Transformations vs actions in Apache Spark - Performance Comparison
When working with Apache Spark, it is important to understand how time grows when using transformations and actions.
We want to see how the number of operations changes as data size grows for these two types of operations.
Analyze the time complexity of the following code snippet.
val data = spark.read.textFile("data.txt")
val words = data.flatMap(line => line.split(" "))
val filtered = words.filter(word => word.length > 3)
val counts = filtered.map(word => (word, 1)).reduceByKey(_ + _)
val result = counts.collect()
This code reads text, splits lines into words, filters words, counts them, and collects the result.
Identify the loops, recursion, array traversals that repeat.
- Primary operation: Each transformation (flatMap, filter, map, reduceByKey) processes all data elements once.
- How many times: Transformations are lazy and only run once when the action (collect) is called.
As input size grows, each transformation touches every element once before the action triggers execution.
| Input Size (n) | Approx. Operations |
|---|---|
| 10 | About 4 * 10 = 40 operations |
| 100 | About 4 * 100 = 400 operations |
| 1000 | About 4 * 1000 = 4000 operations |
Pattern observation: Operations grow roughly linearly with input size, multiplied by the number of transformations.
Time Complexity: O(n)
This means the total work grows in direct proportion to the amount of data processed.
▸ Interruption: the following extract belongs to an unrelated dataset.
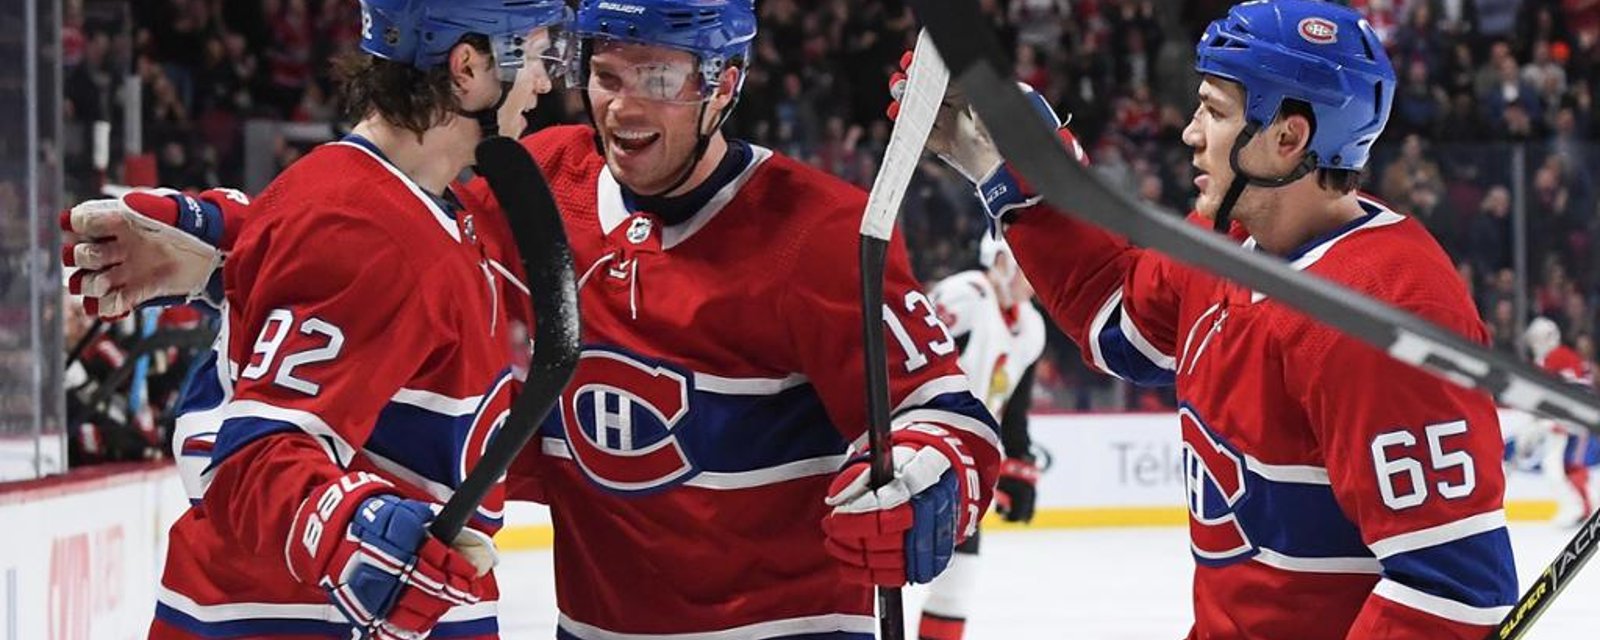 Habs’ star forward is getting driven out of town by fans; will get traded soon!

[X] Wrong: "Transformations run immediately and multiply the time cost each time they appear."
[OK] Correct: Transformations are lazy and only run once when an action triggers execution, so they do not multiply time cost by themselves.
Understanding how transformations and actions affect execution time helps you explain Spark job performance clearly and confidently.
"What if we replaced collect() with count()? How would the time complexity change?"